** DATA BELOW follows **

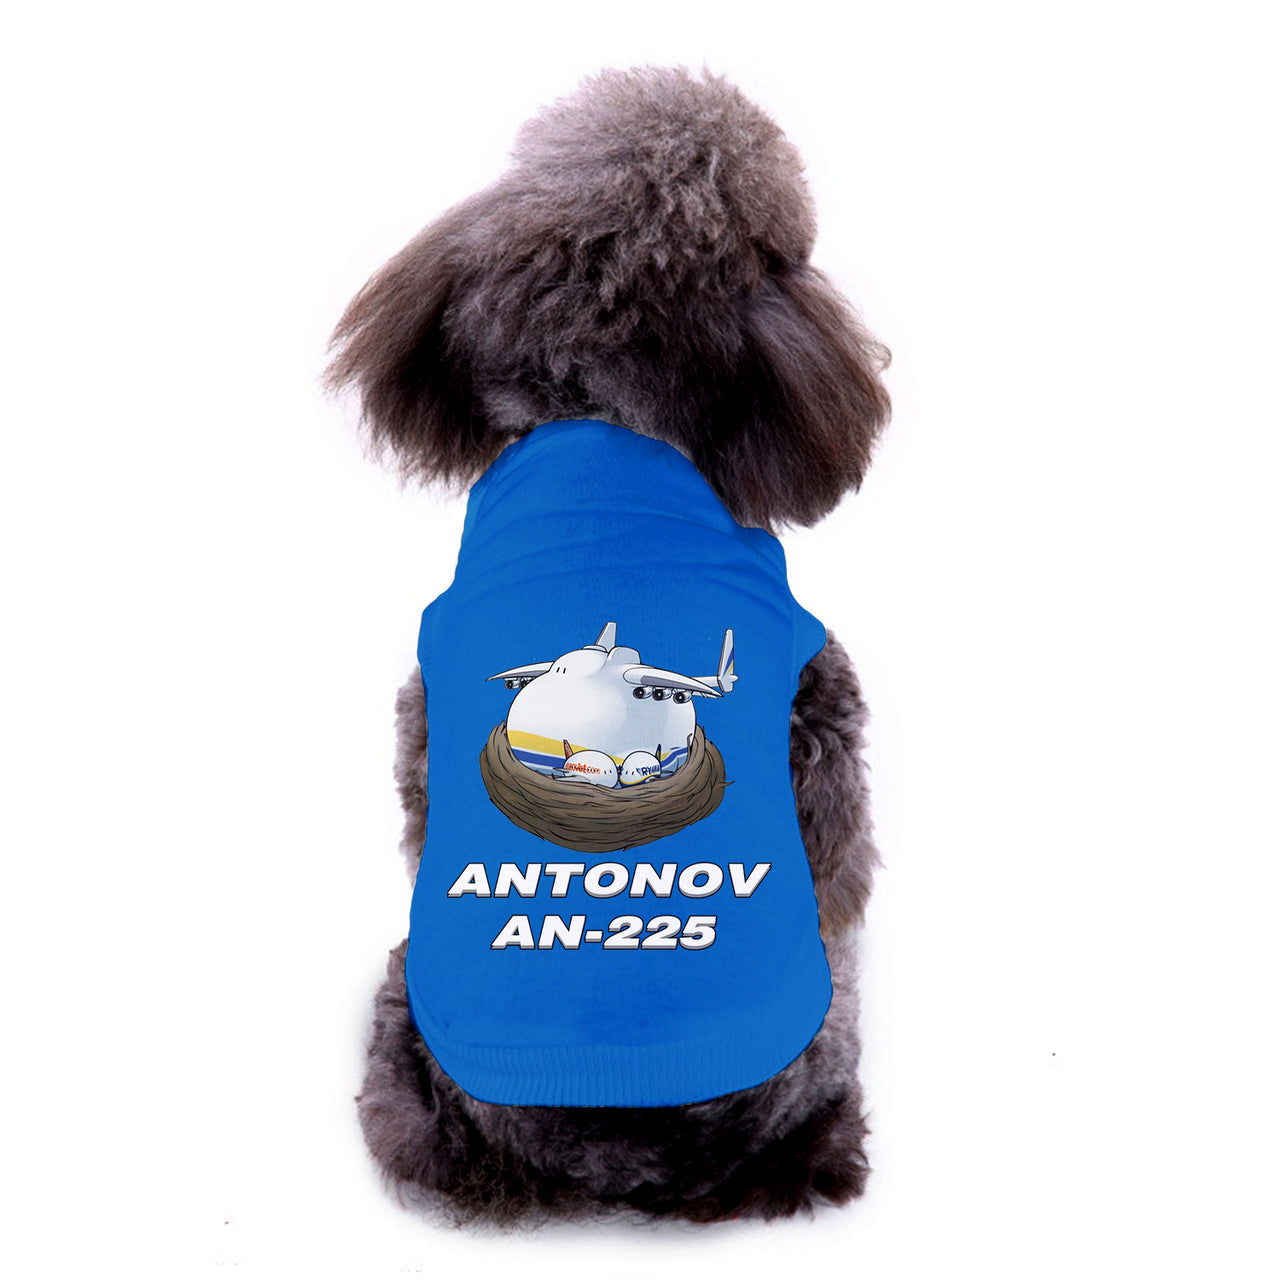 Antonov AN-225 (22) Designed Dog Pet Vests
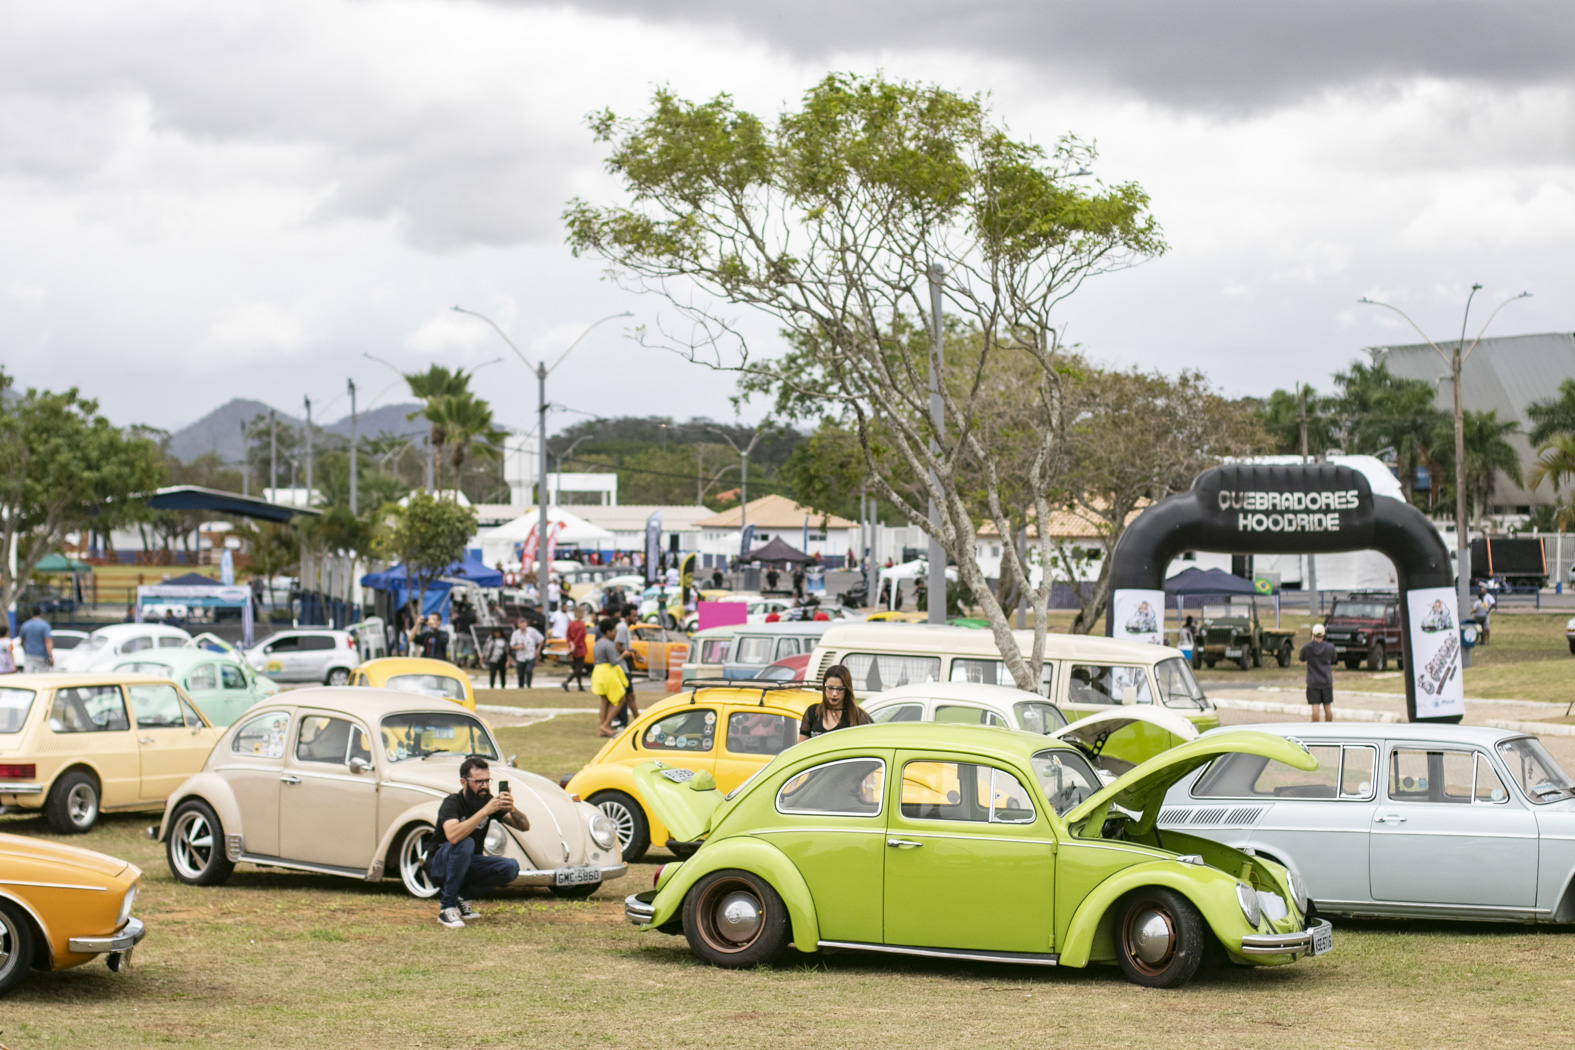 O Encontro de Carros Aircooled e Antigos será realizado nos dias 02 e 03 de setembro, no Parque de Exposições Latiff Mussi Rocha, em Macaé
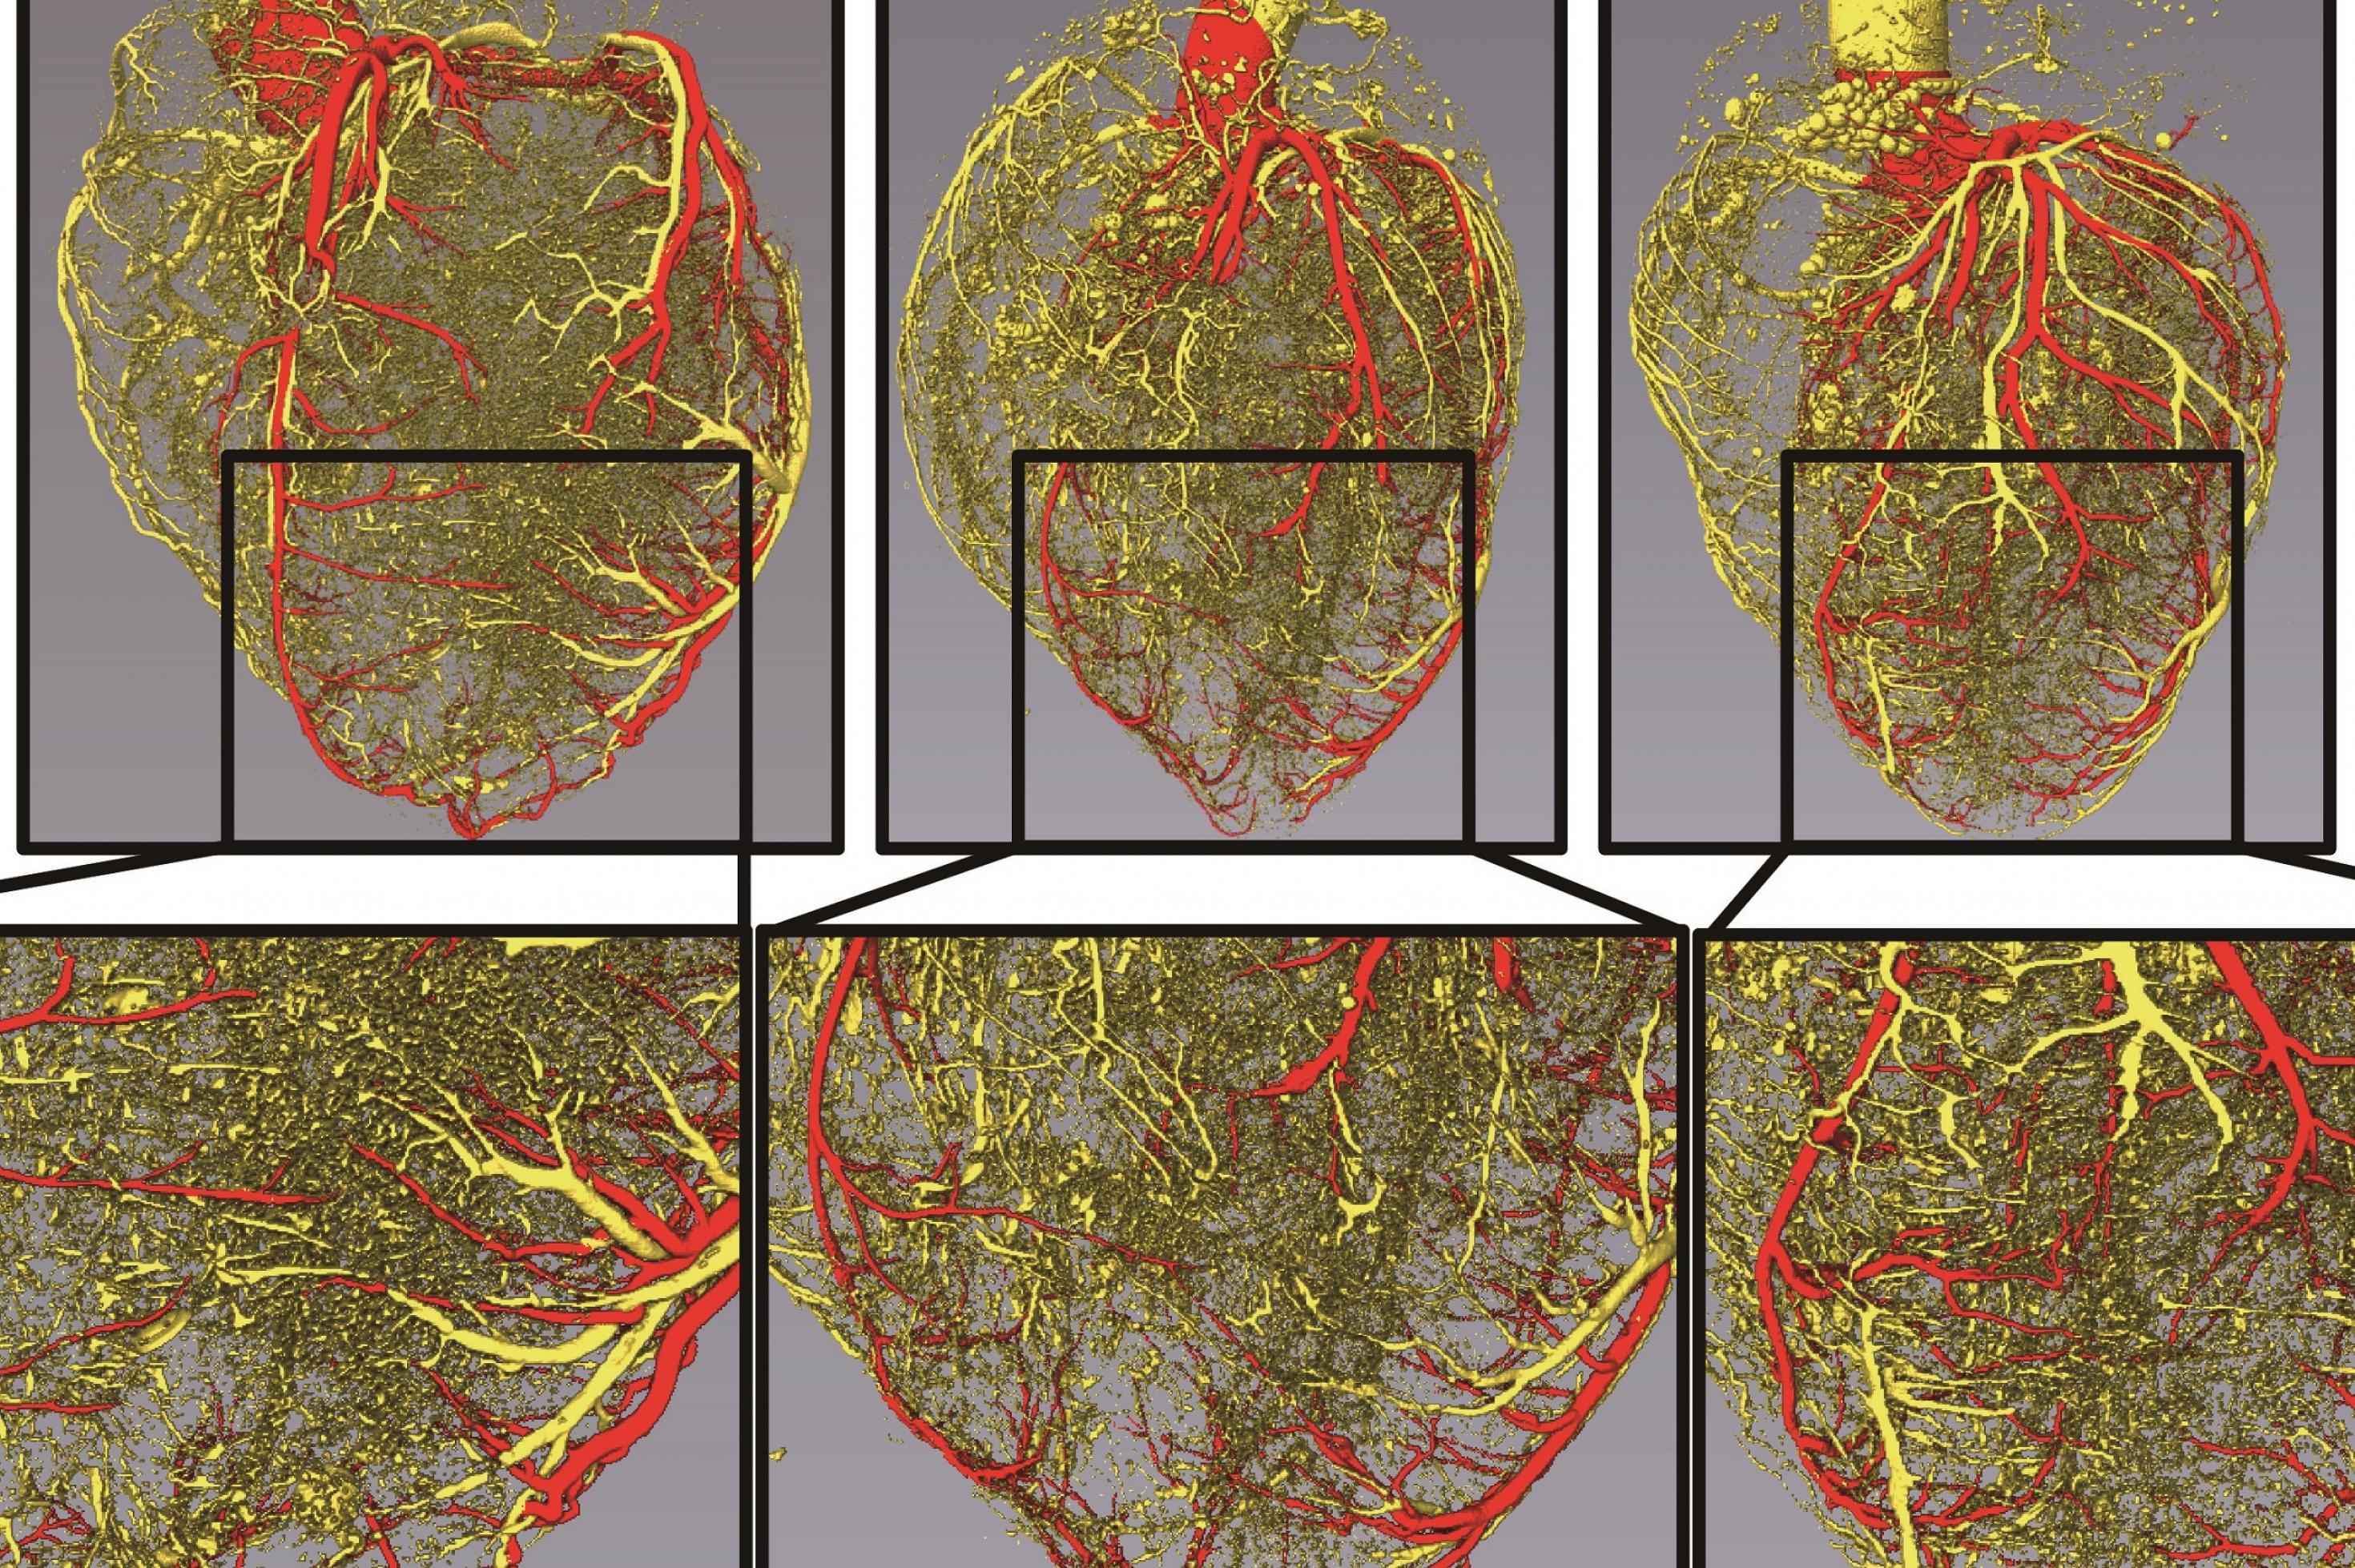 Aufnahmen der Herzkranzgefäße dreier Herzen. Das linke Herz hat mehr feine Blutgefäße als das mittlere und das rechte.
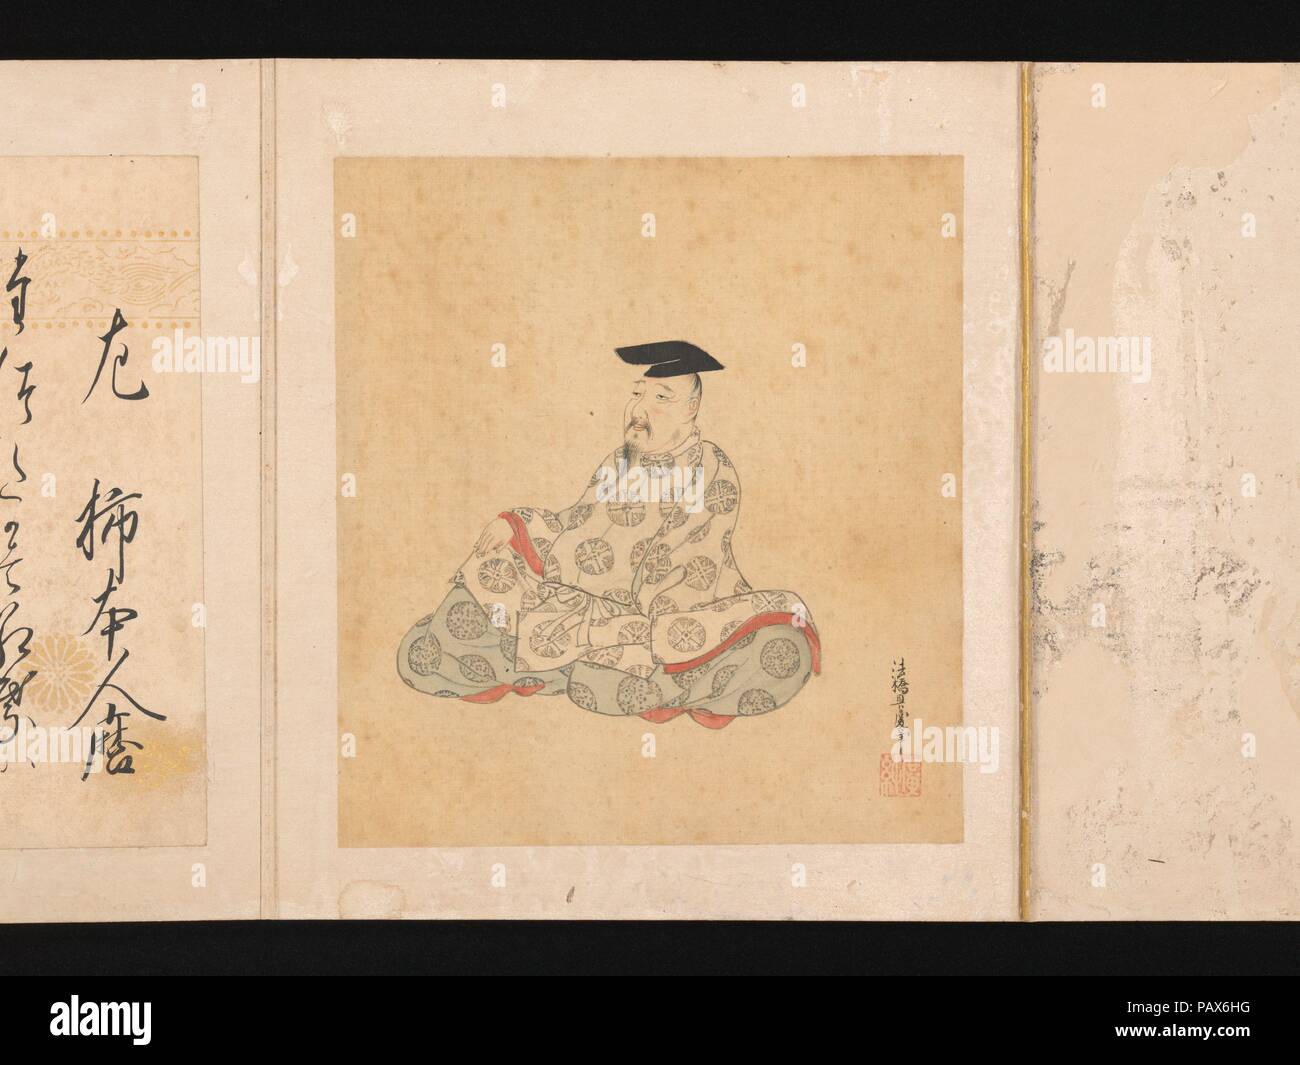 Des portraits et des poèmes de la trente-six grands poètes poétique (Sanjurokkasen). Sumiyoshi Gukei (artiste : japonais, 1631-1705). Culture : le Japon. Dimensions : Image (chaque feuille) : 6 7/8 × 6 5/16 in. (17,4 × 16 cm) Album : 8 3/4 × 7 × 11/16 2 5/8 in. (22,3 × 19,5 × 6,7 cm). Date : 1674-92. Cet album contient les portraits imaginaires de trente-six des maîtres vénérés de la poésie de la Nara (710-794) et Heian (794-1185) périodes, chacune accompagnée d'un de ses versets de la présente page. Sélections des plus grands poètes ont été faites par les connaisseurs de la fin de la période Heian, avec Kakinomoto no Hitomaro (acti Banque D'Images

** End of DATA BELOW **

__DESCRIPTION OF THE TASK__. Leave the pictures out and please restate exactly the lines running from the start of the material through the one with "Aufnahmen der Herzkranzgefäße".

__SOLUTION TO THIS TASK__.
 Antonov AN-225 (22) Designed Dog Pet Vests
 O Encontro de Carros Aircooled e Antigos será realizado nos dias 02 e 03 de setembro, no Parque de Exposições Latiff Mussi Rocha, em Macaé
 Aufnahmen der Herzkranzgefäße dreier Herzen. Das linke Herz hat mehr feine Blutgefäße als das mittlere und das rechte.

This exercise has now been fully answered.